В экстремальных условиях войны формируется стереотип сознания, который можно определить как солдатский фатализм: "Что кому на роду написано, то и будет". Вот как описывал ситуацию, по духу напоминающую эпизод из лермонтовского "Фаталиста", участник Первой мировой войны полковник Г. Н. Чемоданов. Дело происходило в полковой офицерской землянке за карточной игрой, ночью, за три часа до атаки:
"- Вот, если эту карту убьют - и меня завтра убьют, - заявил поручик Воронов с глубоким убеждением и верой в свои слова.

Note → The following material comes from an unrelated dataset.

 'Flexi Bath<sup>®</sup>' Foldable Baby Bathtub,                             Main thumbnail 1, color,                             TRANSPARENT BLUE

- Ну, и карты не дам, "фендра" этакая, - ответил ему Фирсов, державший банк: - ты мне заупокойной игры не устраивай. Смерть, голубчик, и жизнь в воле человека: захочешь жить, черт тебя убьет, я вот жить хочу, и за три войны только раз ранен, и завтра жив буду; а распусти нюни, сразу влопаешься..."{647}
Однако поручик все же загадал, связав свою жизнь с судьбой карты. И хотя она, к его радости, выиграла, сам он наутро погиб: "Карты его обманули". Примечательно другое: сам факт гадания "на жизнь и смерть", смягченный вариант "русской рулетки".
По воспоминаниям участников разных войн, некоторые их товарищи утверждали, что скоро погибнут, и это предчувствие всегда сбывалось, да и сами они часто могли различить на лице еще живого человека "печать смерти".

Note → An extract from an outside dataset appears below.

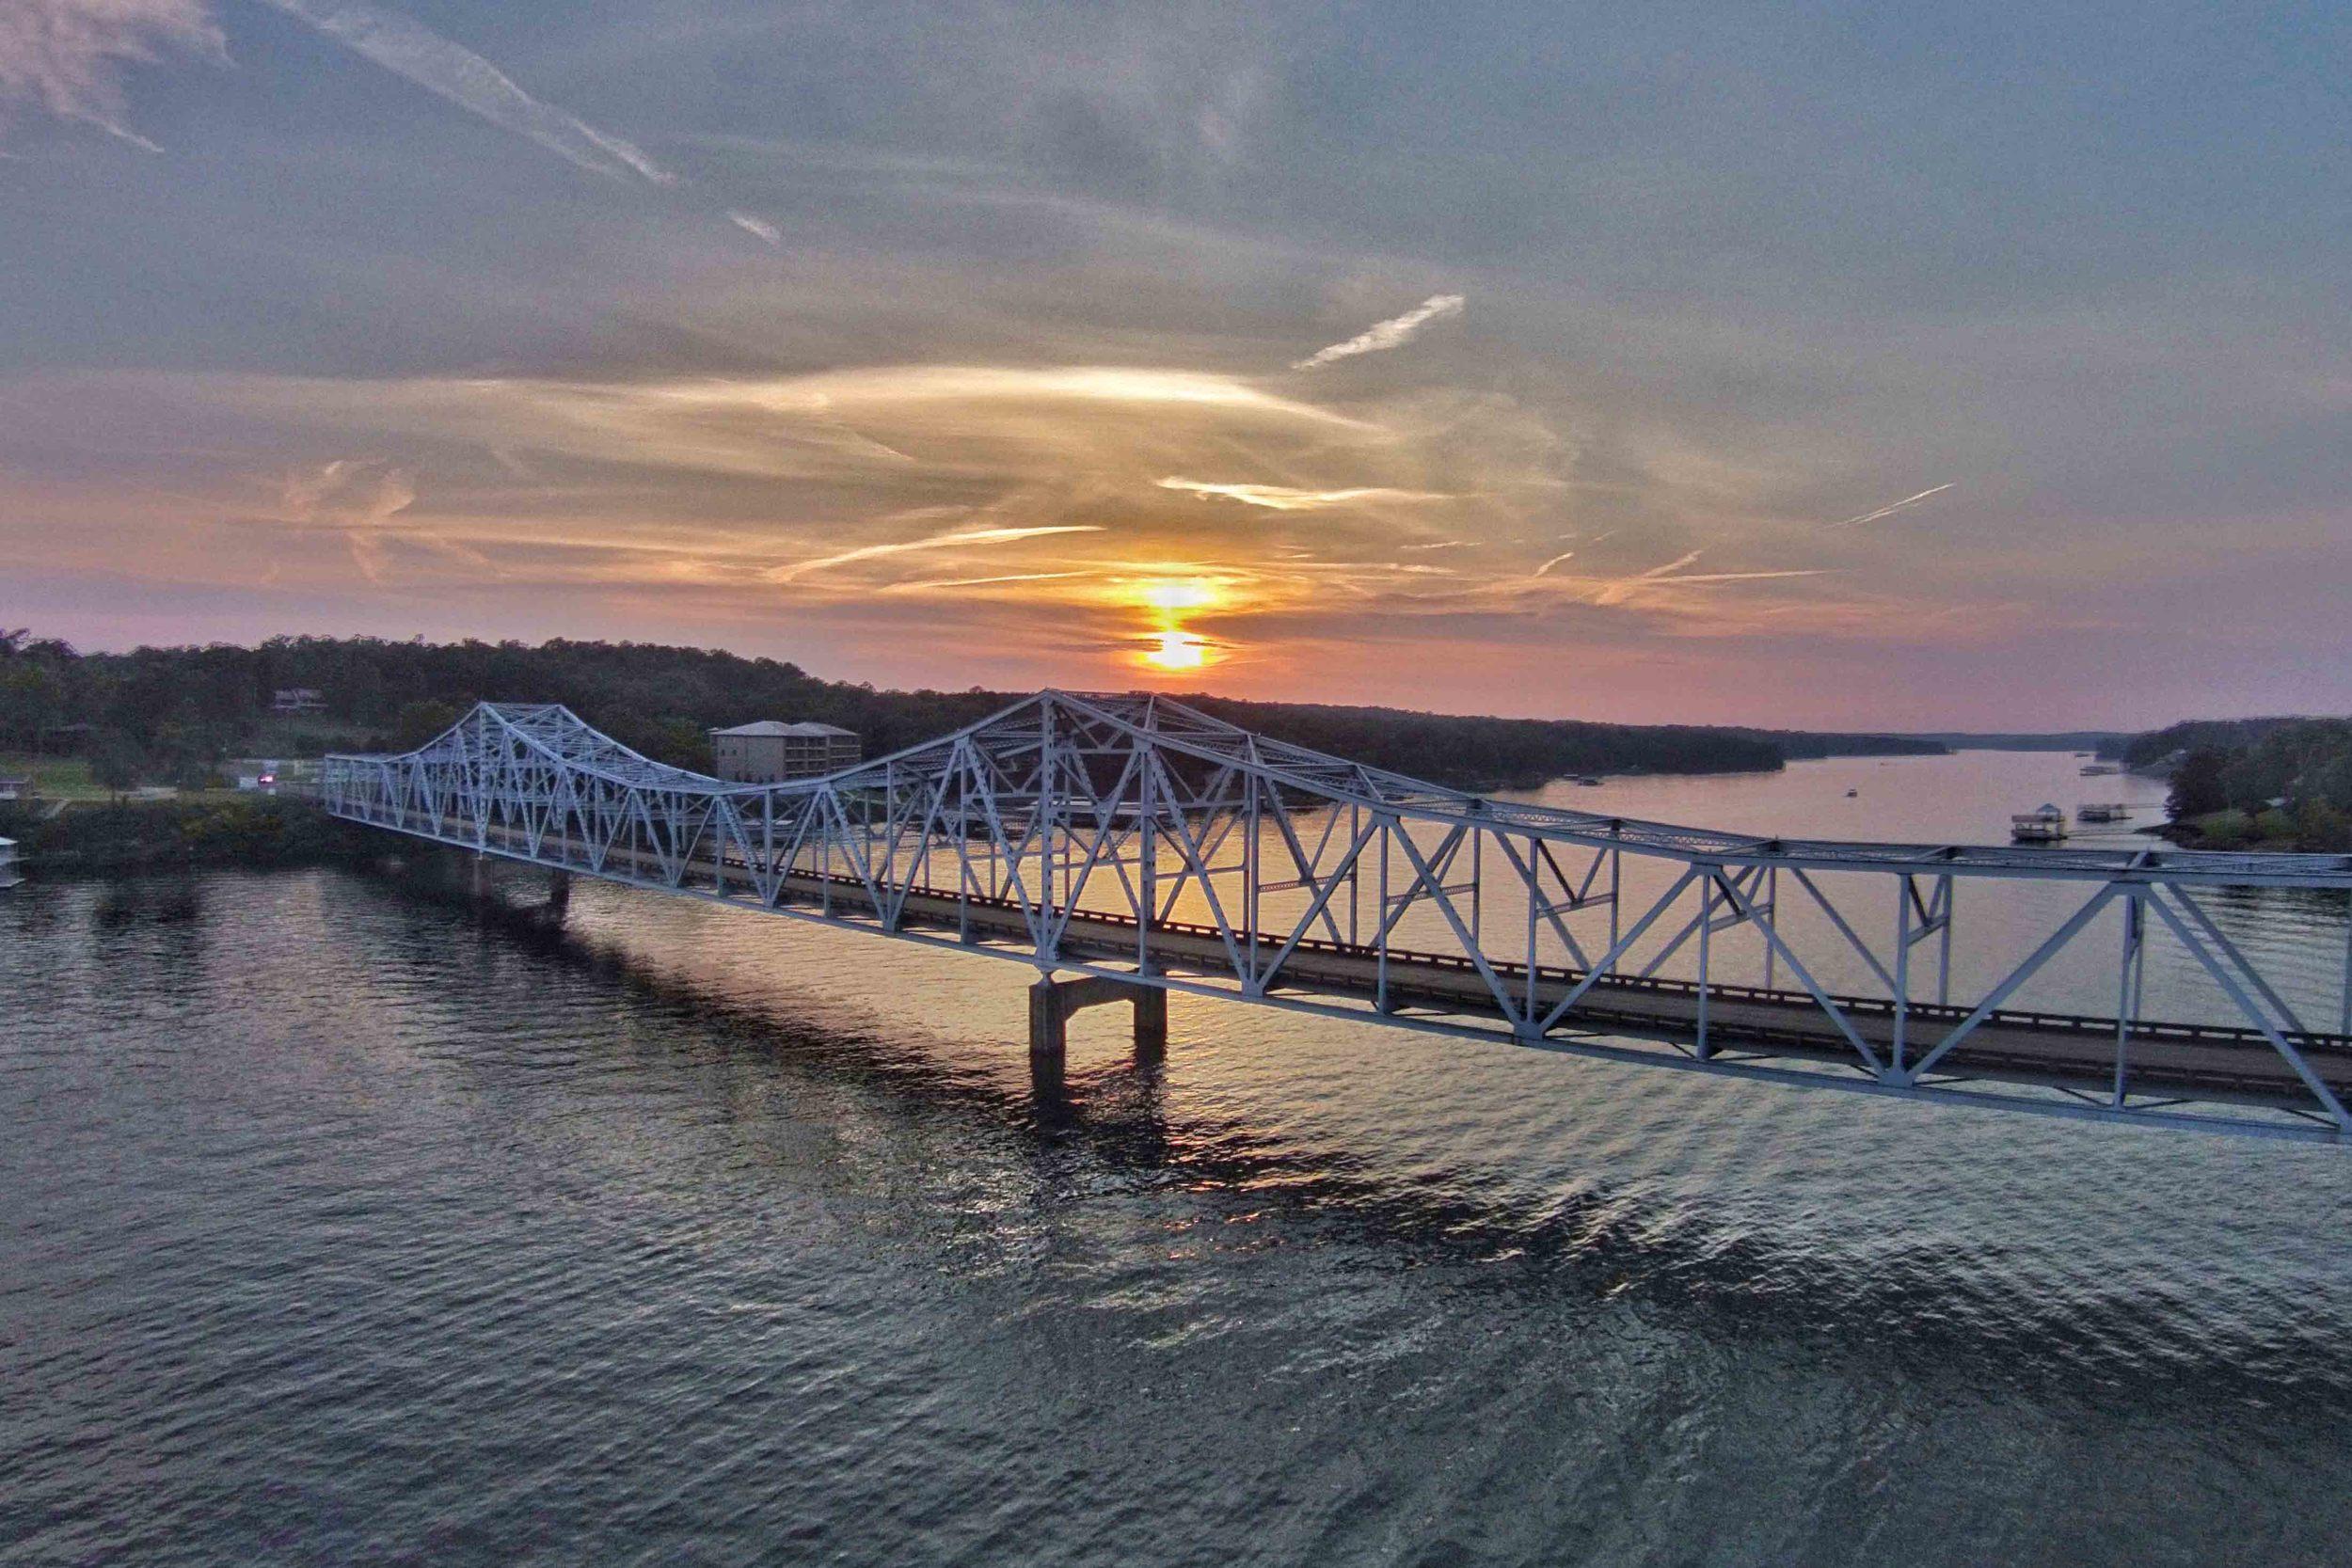 Sunset at Duncan Bridge on Lewis Smith Lake

Тот же Г. Н. Чемоданов рассказывал, как перед боем один из офицеров, убежденный в своей неизбежной гибели, вручил ему письмо для передачи жене:
" - Давайте, - торопливо сказал я, так как обстоятельства не давали свободной минуты. - Впрочем, почтальона вы выбрали ненадежного, так как вероятность смерти висит и надо мной.
- Вы будете живы, - серьезно и пророчески сказал Розен, в упор глядя на меня.

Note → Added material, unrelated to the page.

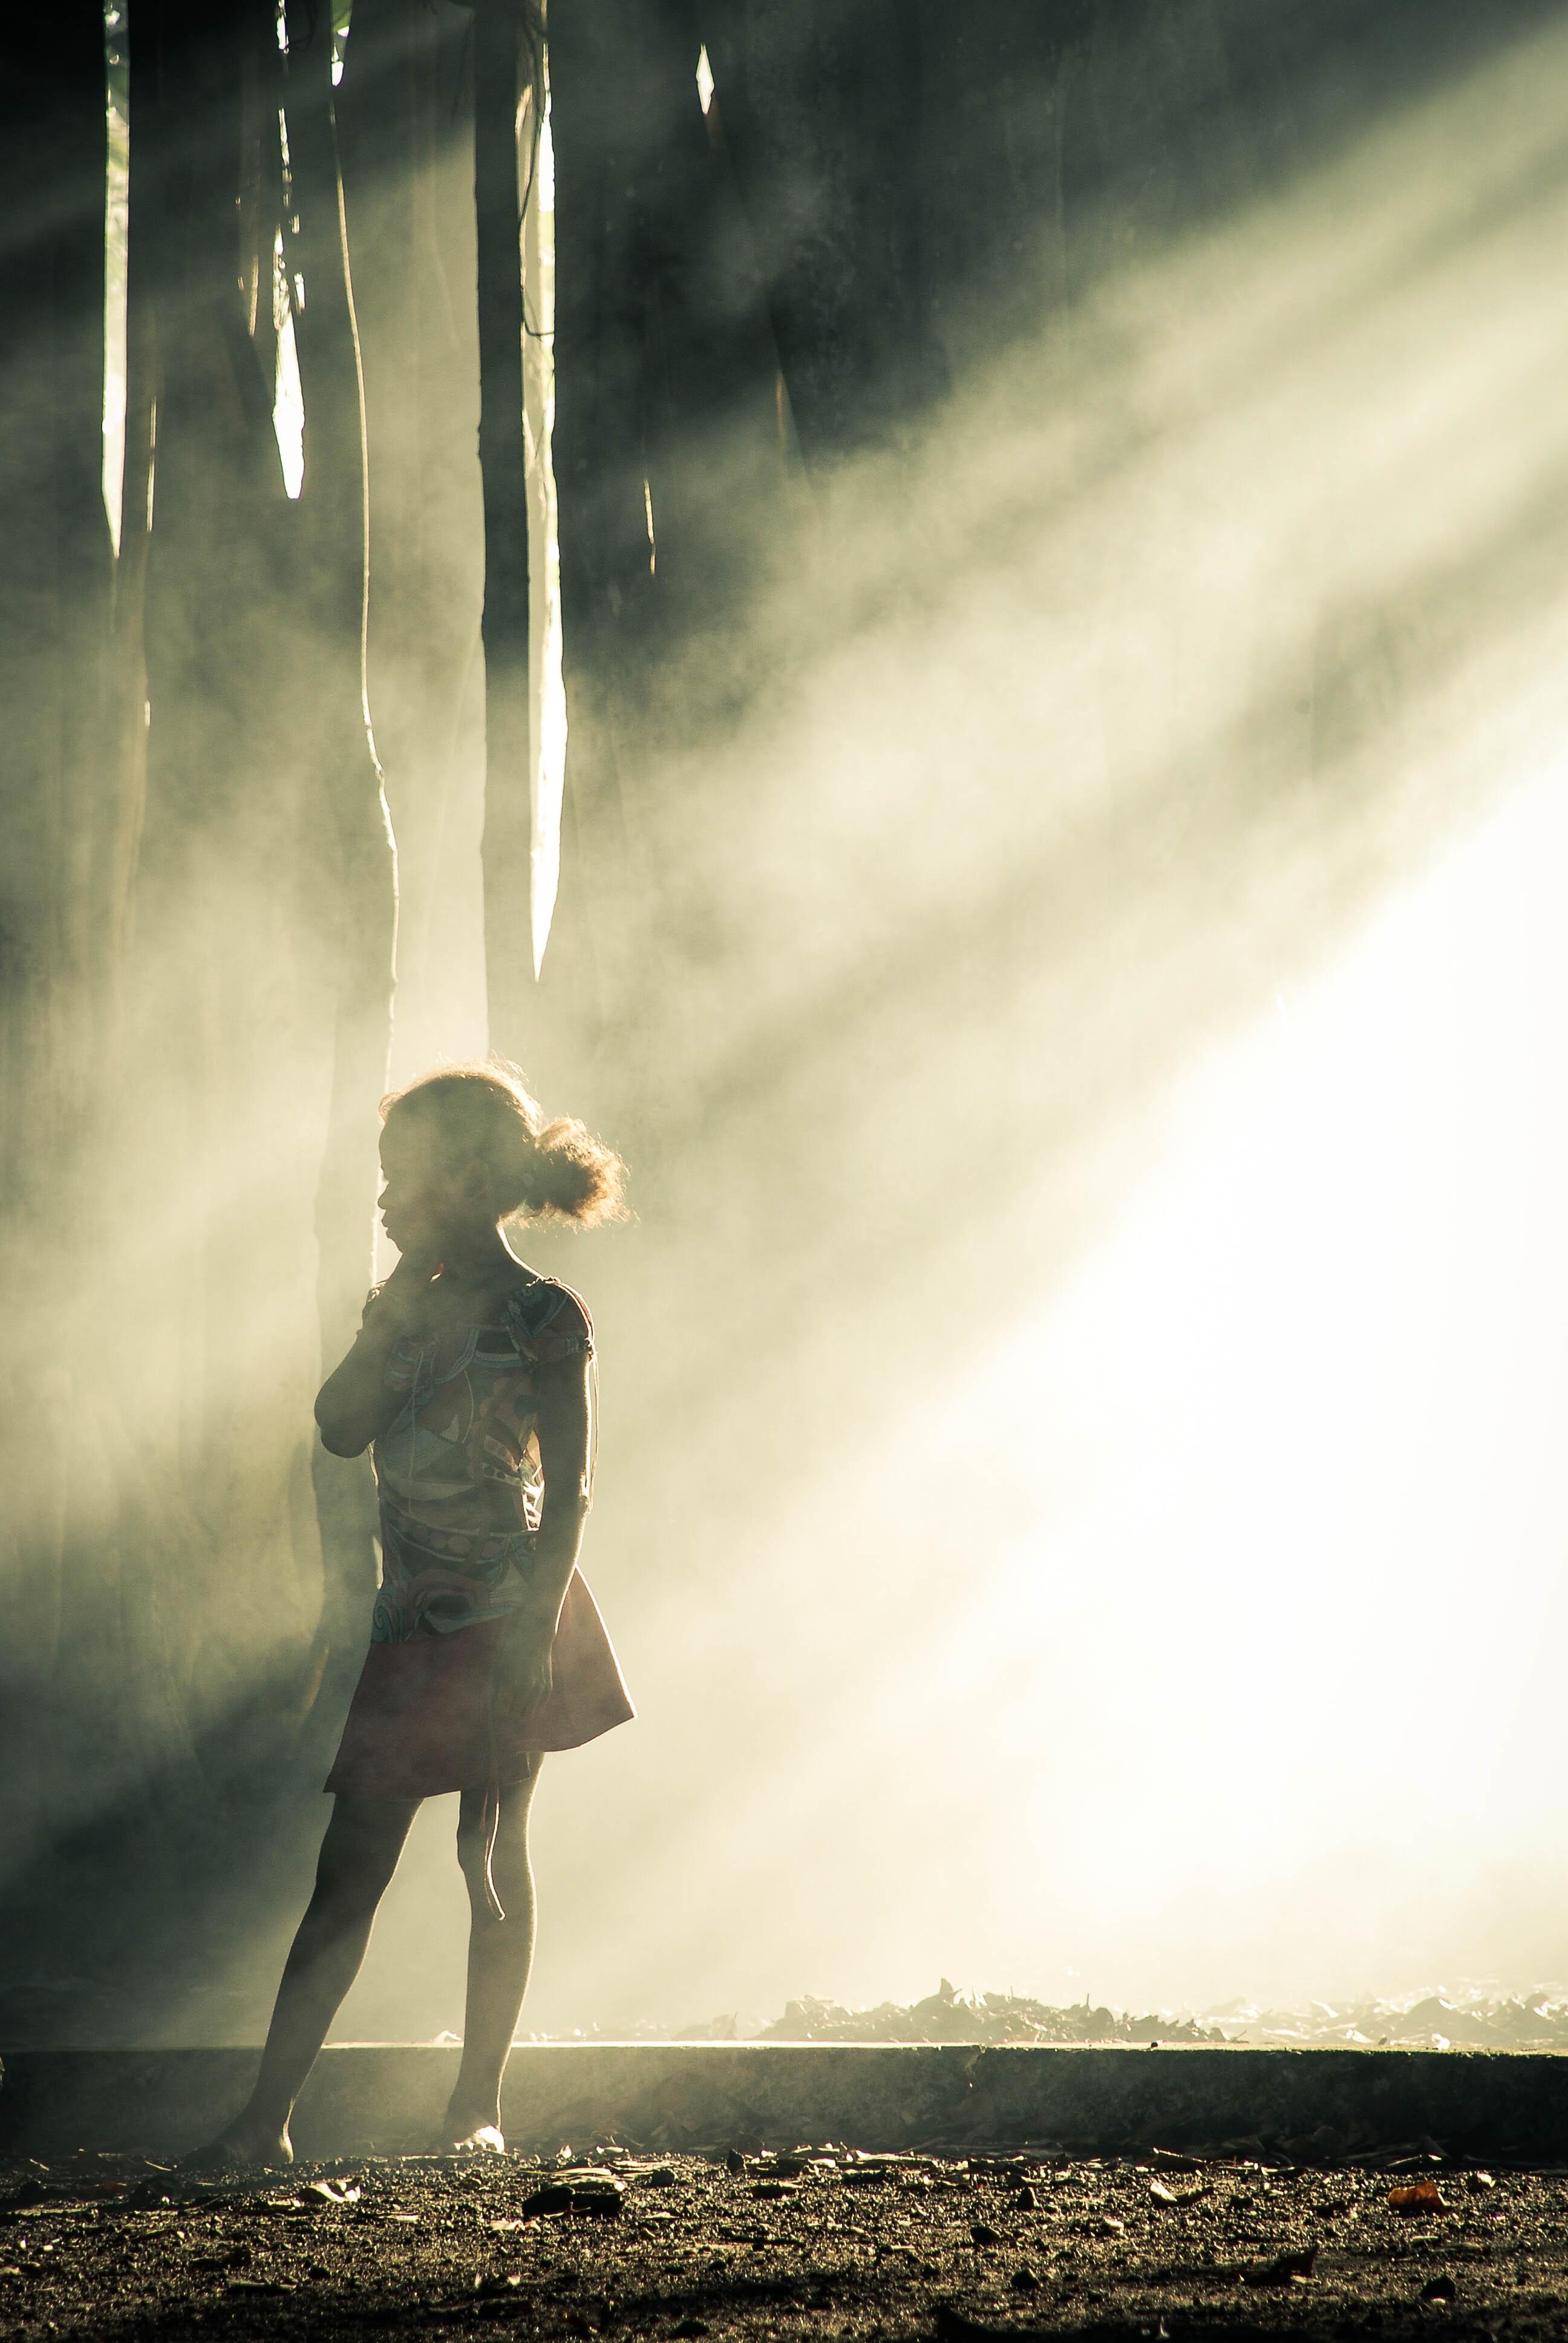 reportage, photo reportage, photographe, laurie diaz, street, rue, street photography, enfants, madagascar, dust, poussière, lumière, rayon, soleil, beauté, contre jour, couleur, ambiance, people

Сознаюсь, теплая волна надежды колыхнула в груди от этих слов, от этой его уверенности".
Штаб-ротмистр Розен погиб в том же бою. А сам Чемоданов по ошибке несколько часов числился в списке убитых, и вот живой и невредимый вернулся в штабной блиндаж:
"- Долго жить будете, - с улыбкой утешил меня начальник дивизии: примета верная"{648}.
Широко известны подобные случаи и в годы Великой Отечественной войны.
"У меня был друг на Северо-Западном фронте, командир роты, позже комбат, человек исключительной храбрости и мужества, - вспоминал генерал М. П. Корабельников, на войне - командир пулеметной роты. - В сорок четвертом он вдруг стал говорить мне: "Максим, недолго нам осталось быть вместе". "Не дури, Иван Васильевич", - отмахивался я. А он все свое: "Убьют меня..." - "С чего ты взял?" - спрашиваю. А он: "Я это чувствую - устал я, и все мне опостылело..." И действительно его убили"{649}.